Caudrelier Jean-Michel, Morgan Scott C, Montgomery Lynn, Lacelle Manon, Nyiri Balazs, Macpherson Miller
Department of Radiation Oncology, The Ottawa Hospital Cancer Centre, Ont., Canada.
Radiother Oncol. 2009 Jan;90(1):99-105. doi: 10.1016/j.radonc.2008.09.028. Epub 2008 Nov 1.
To compare a standard 3- or 4-field technique to intensity modulated radiotherapy with helical tomotherapy (IMRT-HT) in the planning of locoregional breast radiation including the internal mammary chain (IMC).
For 10 women with stage III left-sided breast cancer with a planning target volume (PTV) defined by the breast/chest wall and regional nodes, radiotherapy to a dose of 50 Gy in 25 fractions was planned using a standard 3- or 4-field technique and using IMRT-HT. Various metrics were extracted from dose-volume histograms, and were compared using the paired Student's t-test.
The PTV receiving at least 95% of the prescribed dose did not differ between the two plans, but the VD115% was significantly lower with IMRT-HT. The dose conformality was significantly better with IMRT-HT. The cardiac V30(Gy) was reduced with IMRT-HT. The mean lungs dose was lower with IMRT-HT, as well the V20(Gy). With IMRT-HT, a greater volume of contralateral breast was irradiated to 5 Gy, but a smaller volume of soft tissue received dose above 50 Gy.

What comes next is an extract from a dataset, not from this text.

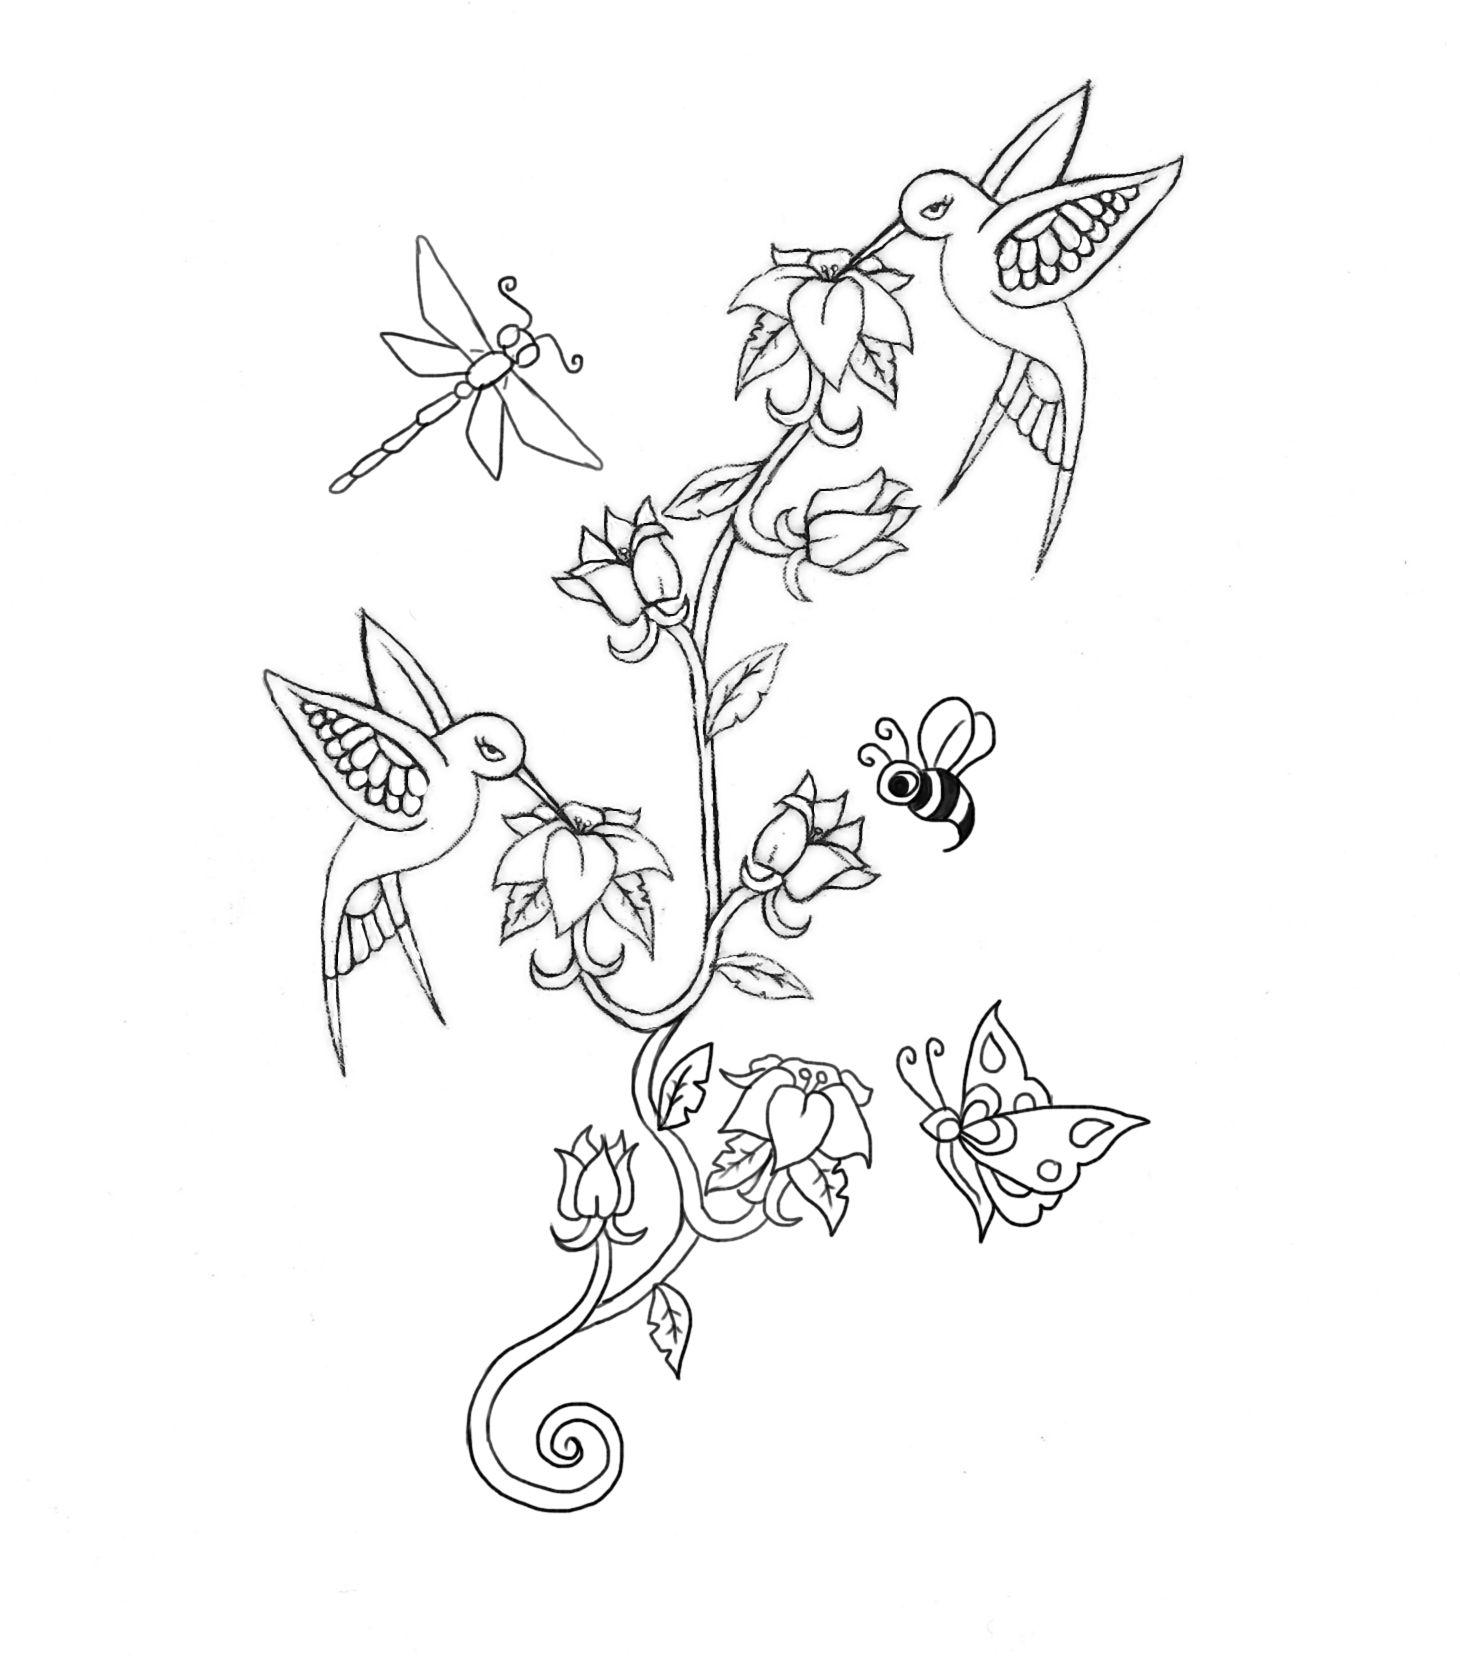 Simple Flower Outline Tattoo Tattoos Trends Gallery Flower Outline Tattoo Flower Outline Simple Flower Tattoo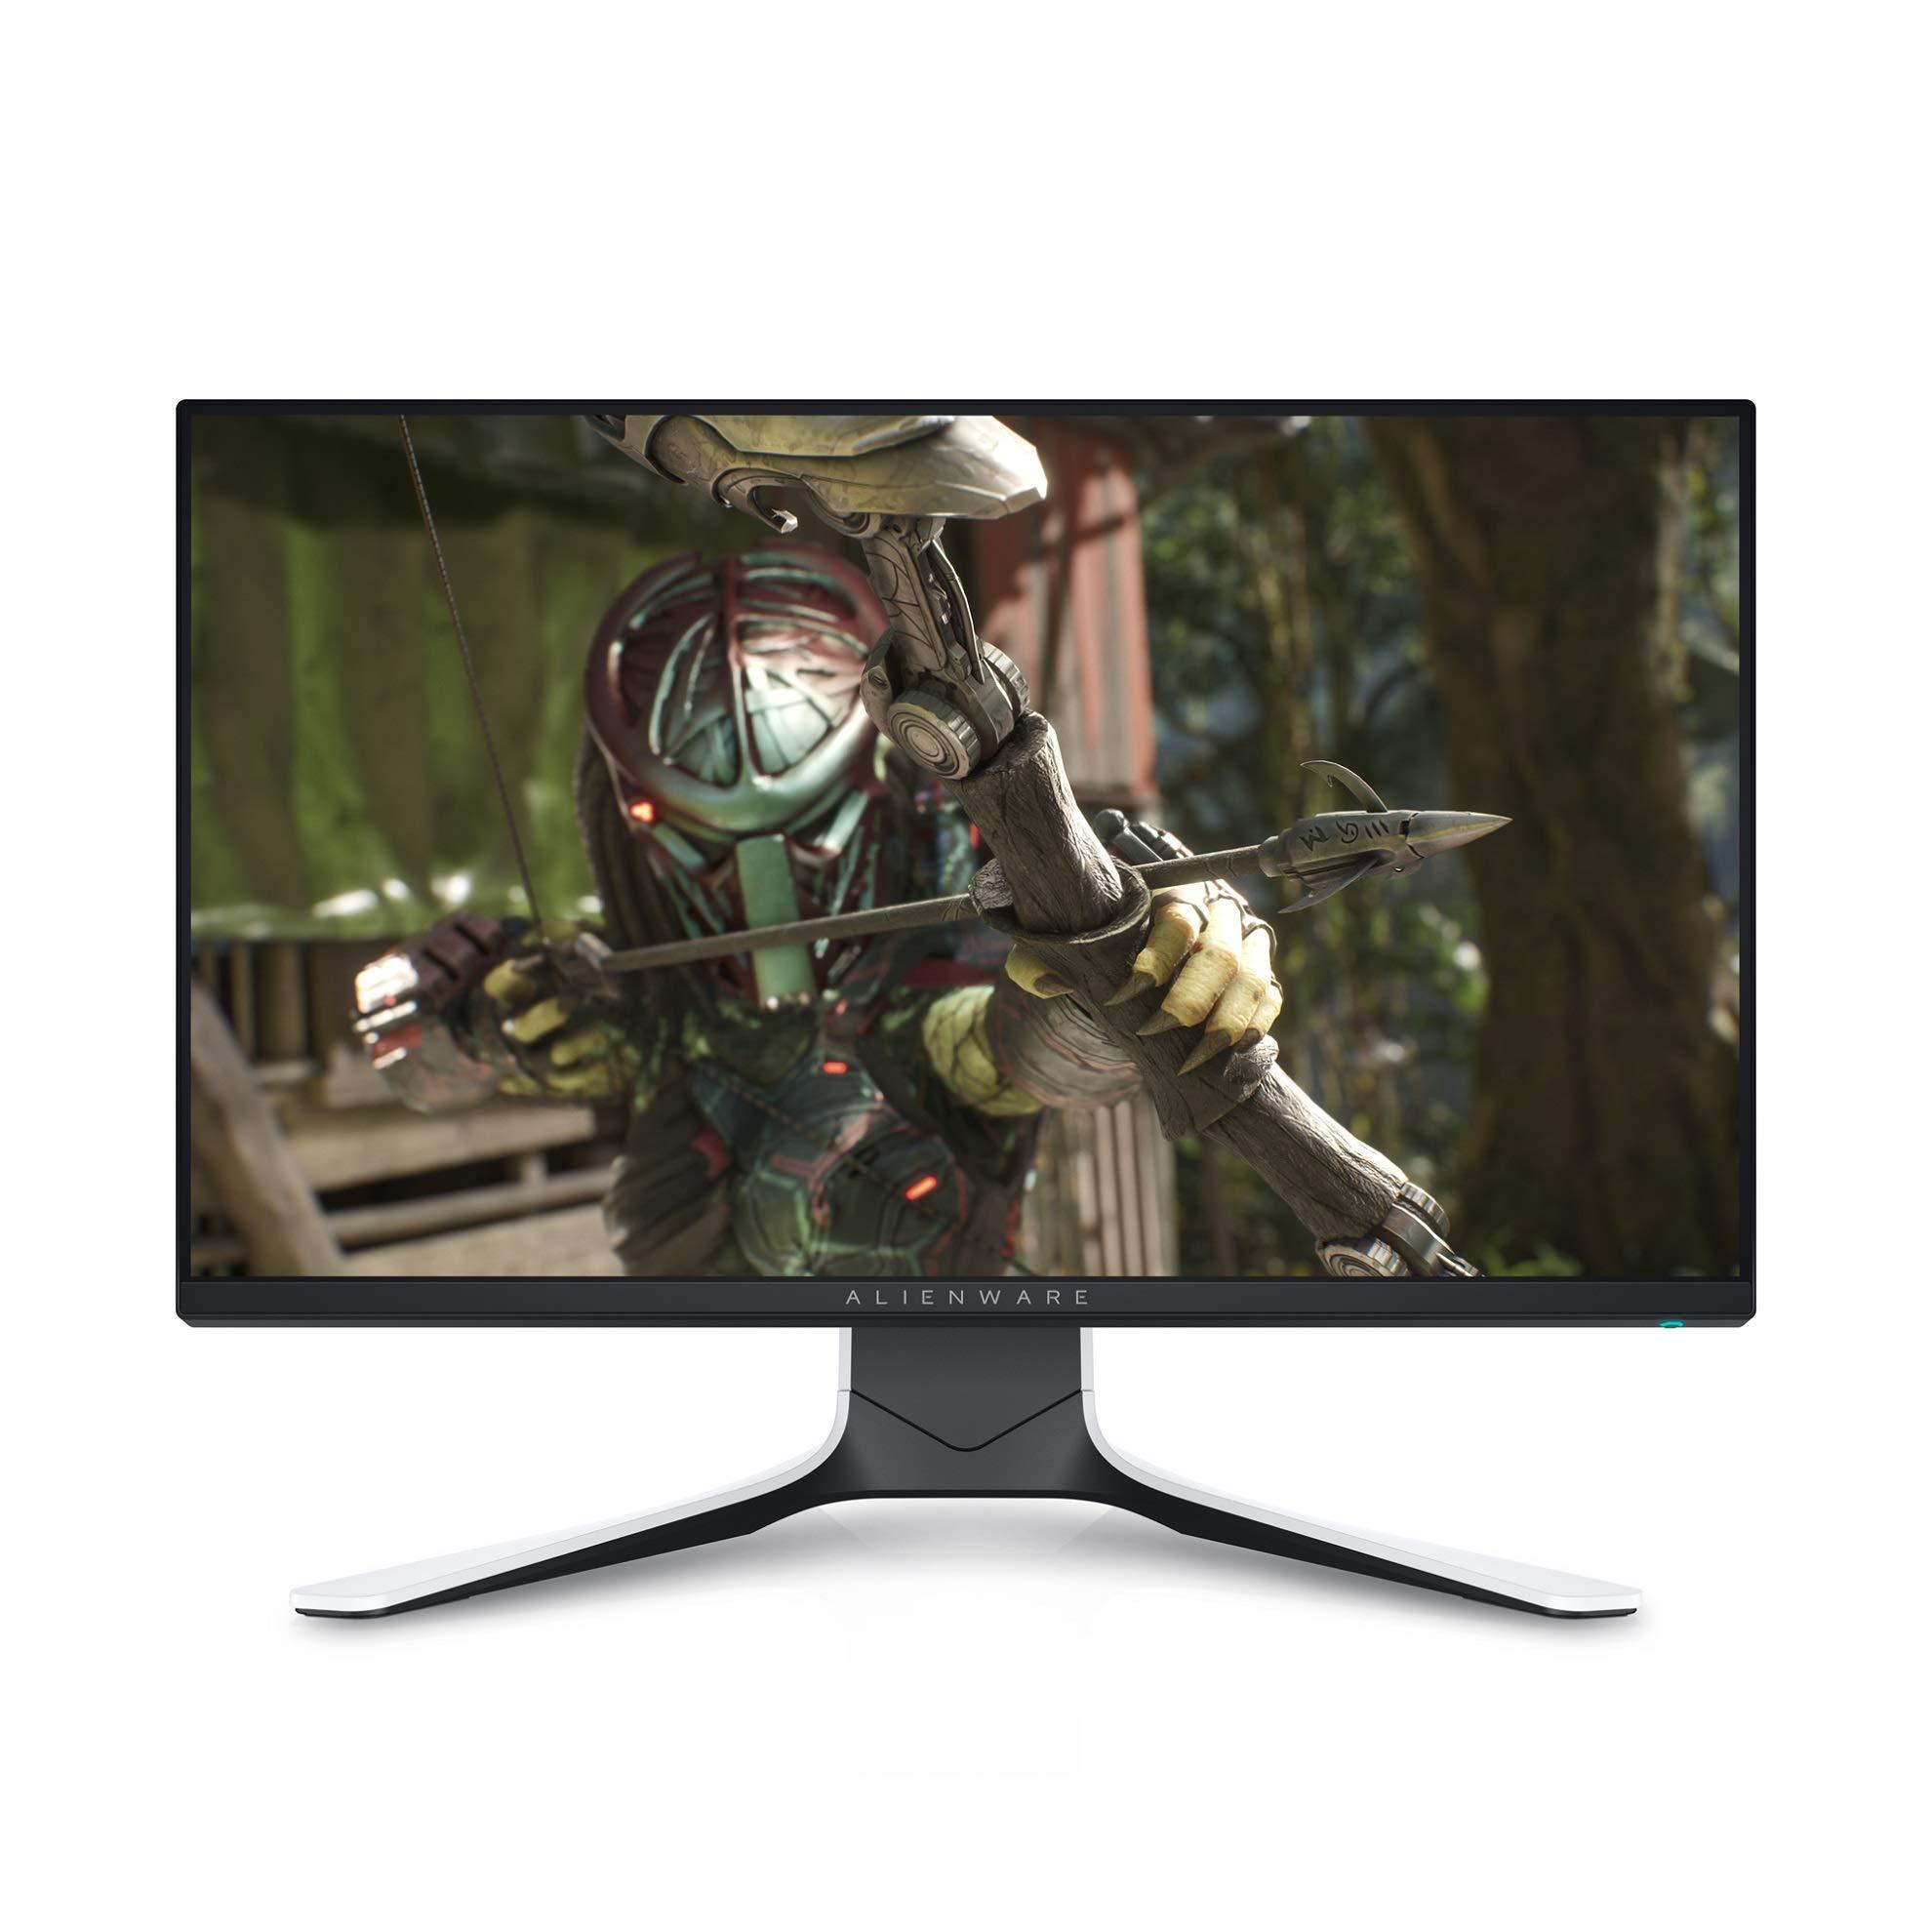 DELL Alienware AW2521HFL - Monitor LED para Juegos (63,5 cm (25

Compared to a standard technique, IMRT-HT provides similar target coverage, improves dose conformality and dose homogeneity within the PTV, decreases mean lung dose and spares heart, lung and soft tissue from high dose exposure.
在包括内乳链(IMC)的局部区域性乳腺癌放疗计划中,将标准的3野或4野技术与螺旋断层调强放疗(IMRT-HT)进行比较。
对于10例左侧III期乳腺癌患者,其计划靶体积(PTV)由乳腺/胸壁和区域淋巴结定义,分别使用标准的3野或4野技术以及IMRT-HT计划25次分割照射至50 Gy的剂量。从剂量体积直方图中提取各种指标,并使用配对t检验进行比较。
两个计划中接受至少95%处方剂量的PTV无差异,但IMRT-HT的VD115%显著更低。IMRT-HT的剂量适形性显著更好。IMRT-HT降低了心脏的V30(Gy)。IMRT-HT的平均肺剂量更低,V20(Gy)也更低。使用IMRT-HT时,对侧乳腺接受5 Gy照射的体积更大,但接受高于50 Gy剂量的软组织体积更小。
与标准技术相比,IMRT-HT提供了相似的靶区覆盖,改善了PTV内的剂量适形性和剂量均匀性,降低了平均肺剂量,并使心脏、肺和软组织免受高剂量照射。